**GIVEN INFORMATION**
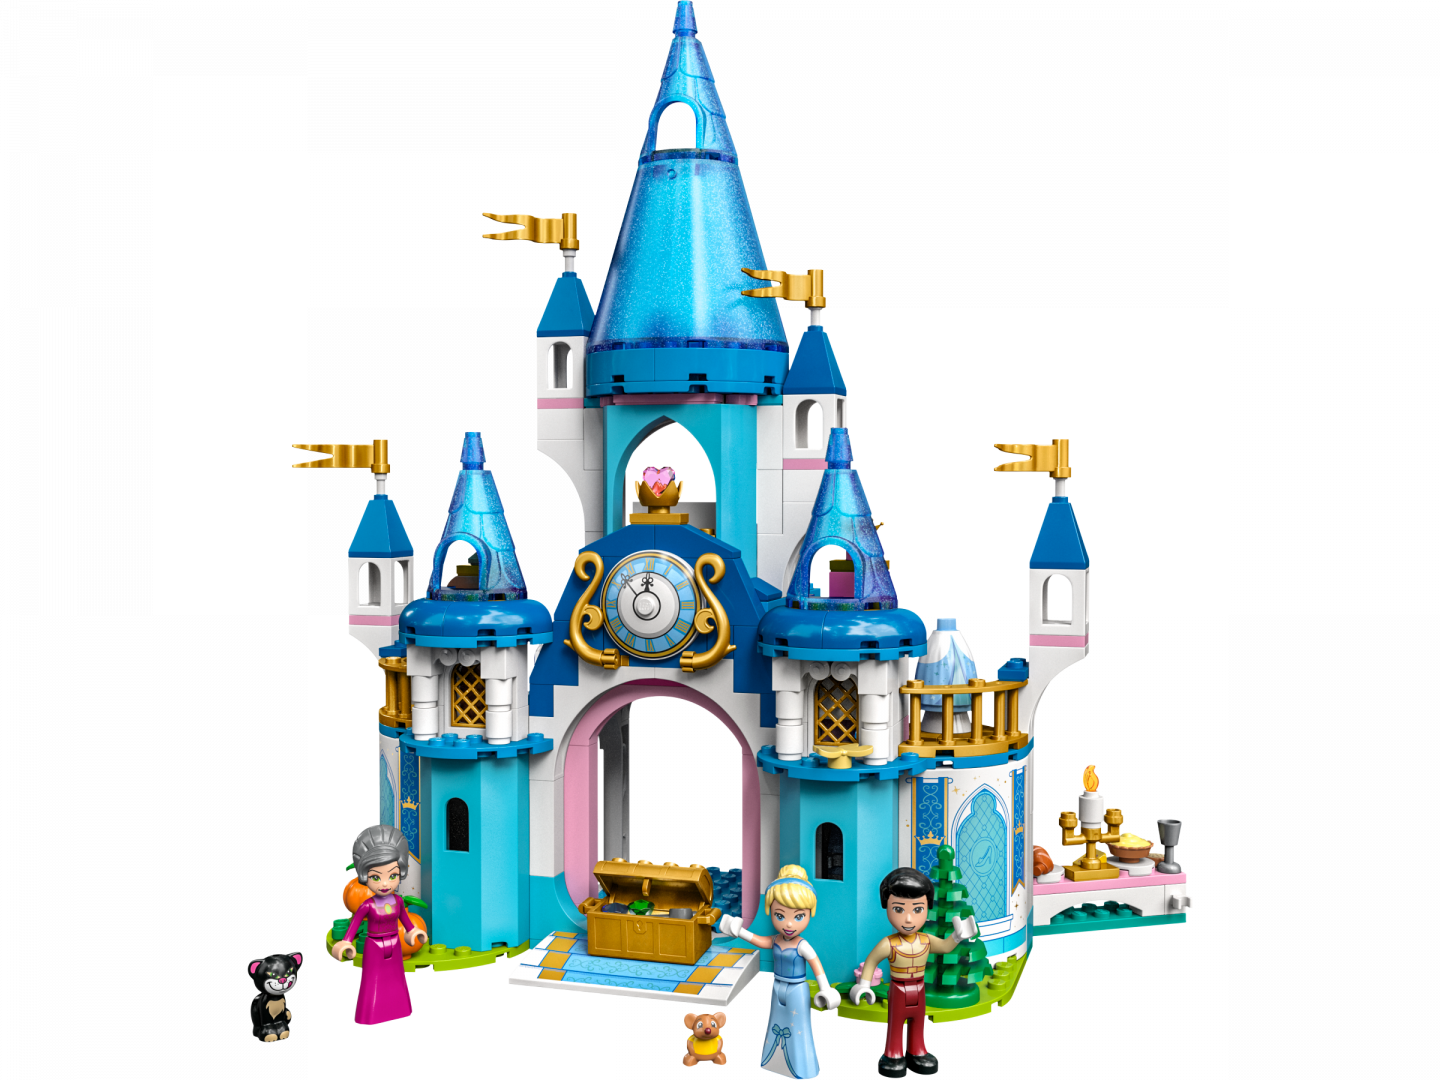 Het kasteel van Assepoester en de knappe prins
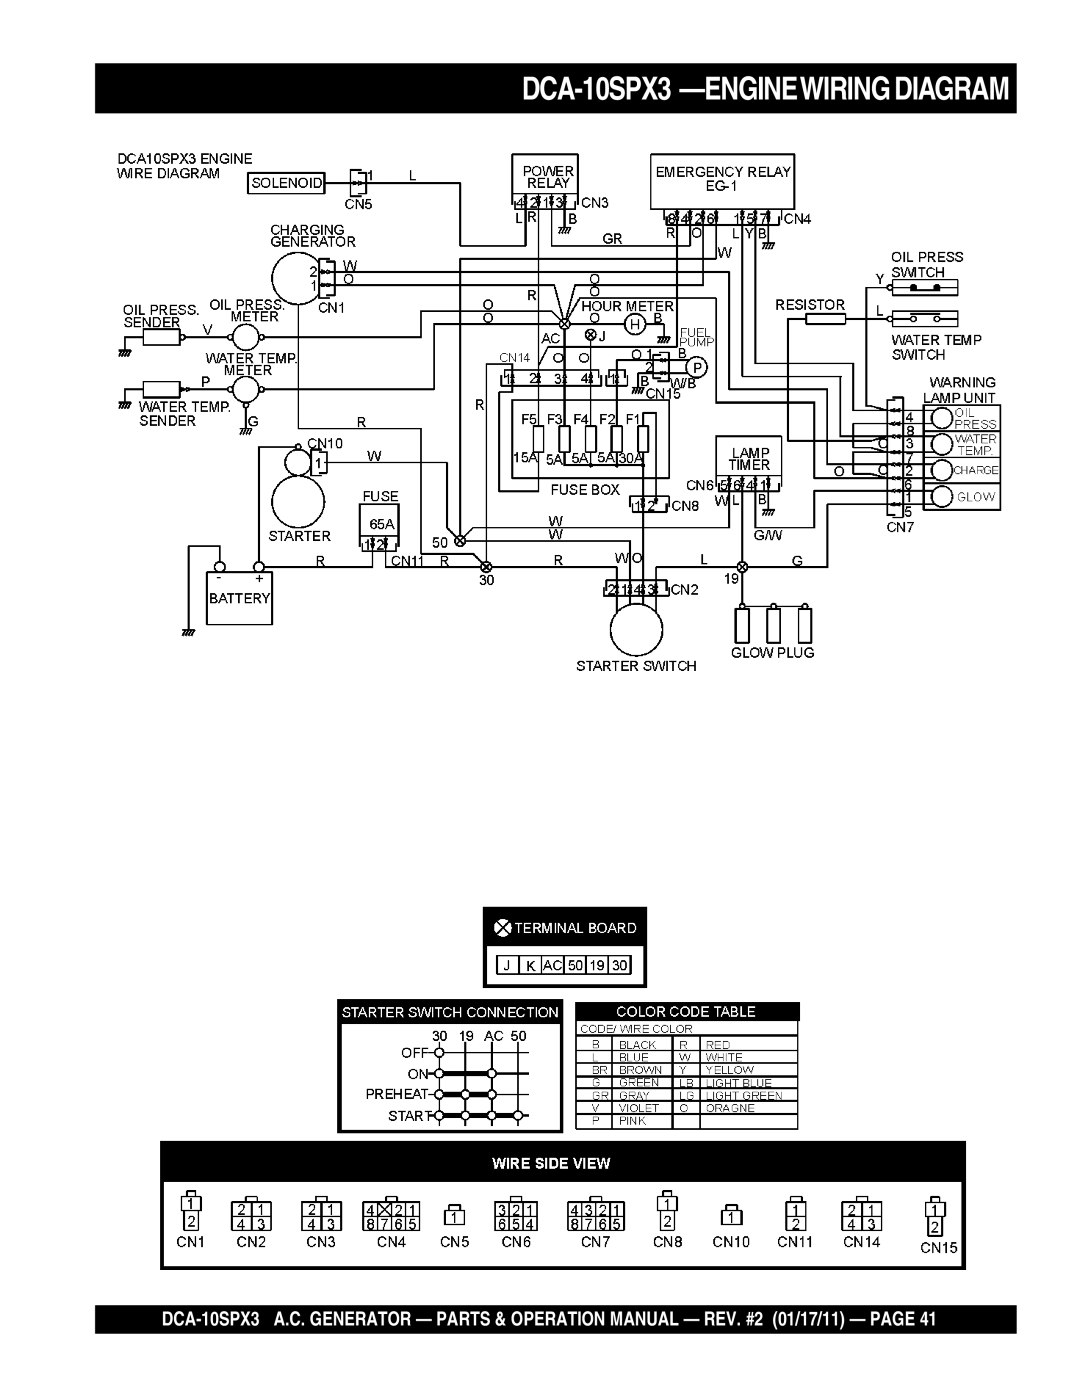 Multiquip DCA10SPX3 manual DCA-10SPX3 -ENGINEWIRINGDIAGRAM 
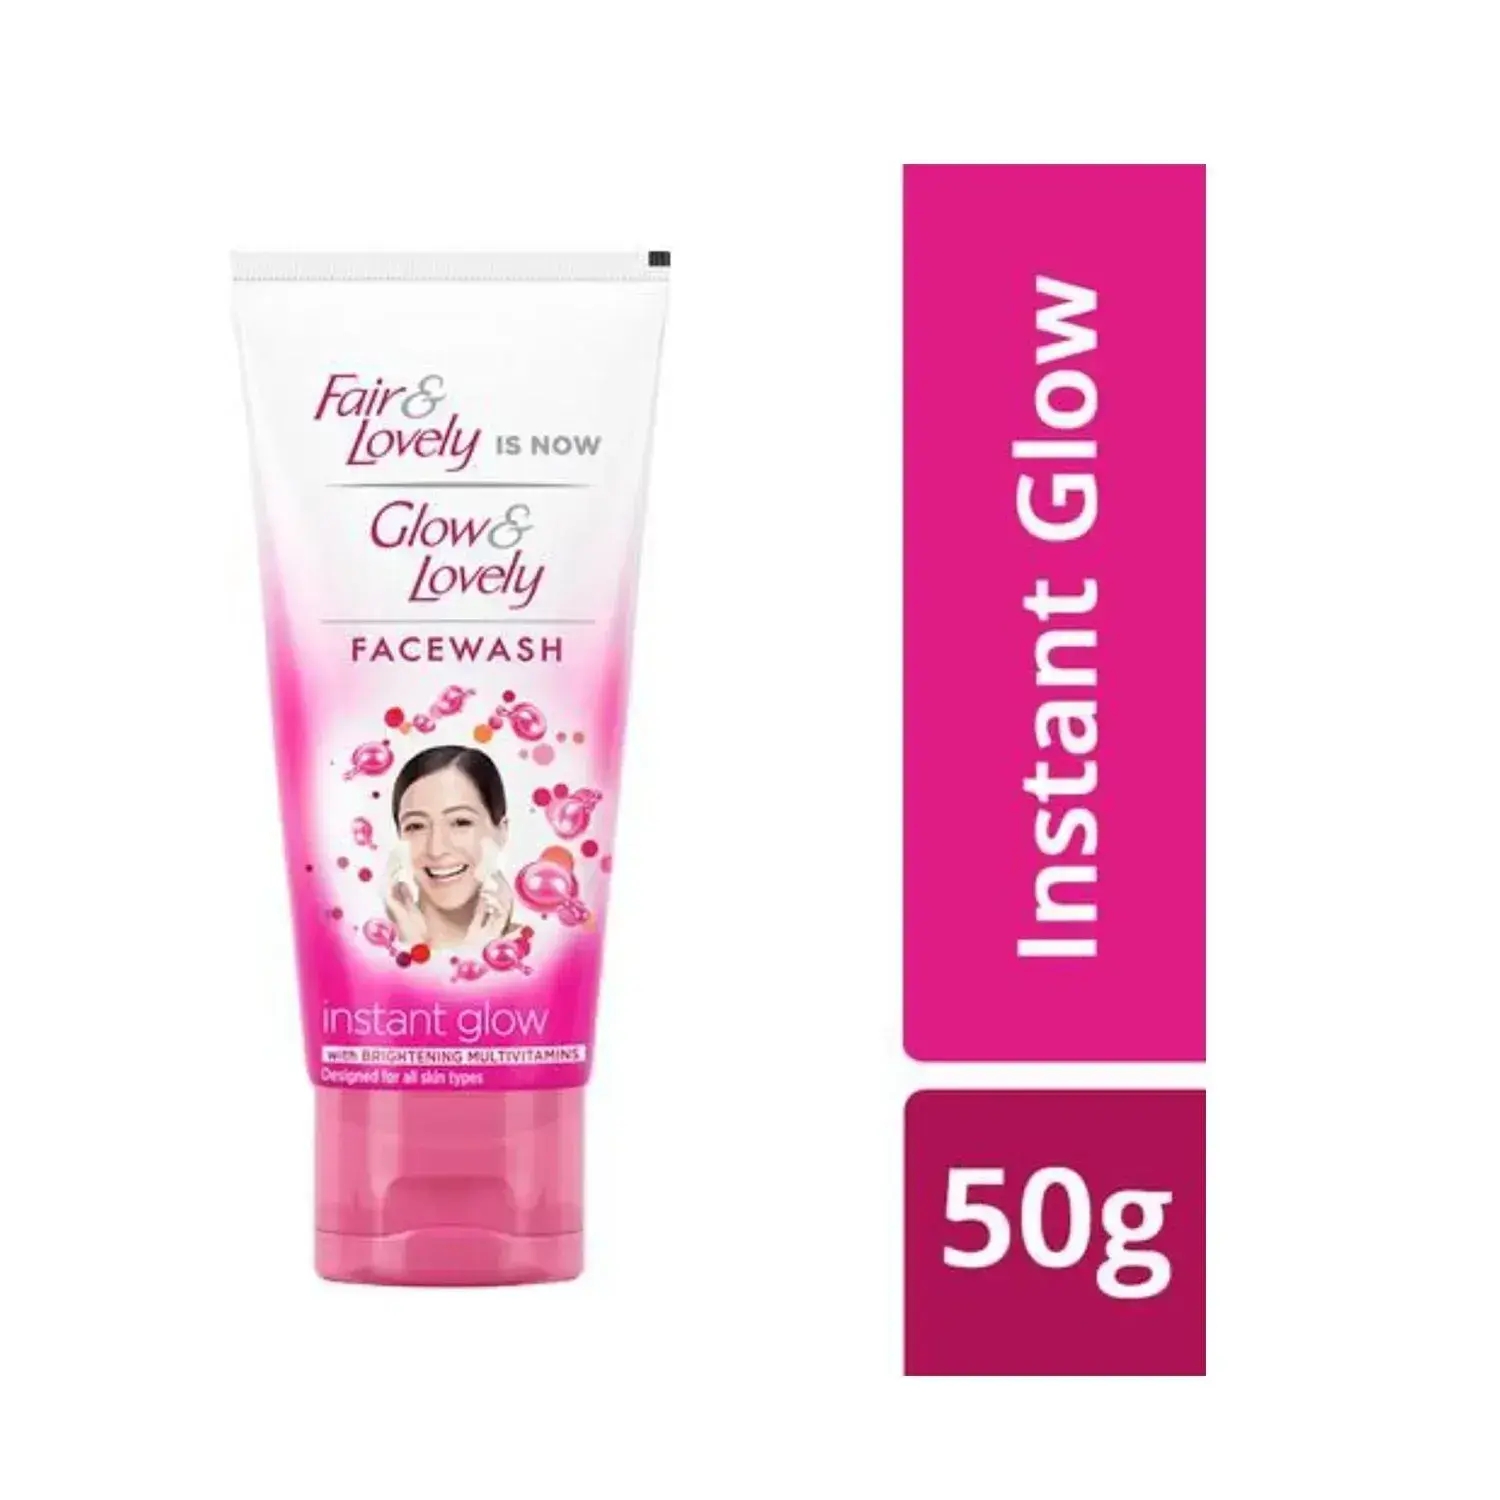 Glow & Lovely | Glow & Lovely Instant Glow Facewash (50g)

**YOUR OBJECTIVE**
Without the pictures, print the whole listing exactly as given.

**COMPLETED EXERCISE**
 Het kasteel van Assepoester en de knappe prins
 Multiquip DCA10SPX3 manual DCA-10SPX3 -ENGINEWIRINGDIAGRAM 
 Glow & Lovely | Glow & Lovely Instant Glow Facewash (50g)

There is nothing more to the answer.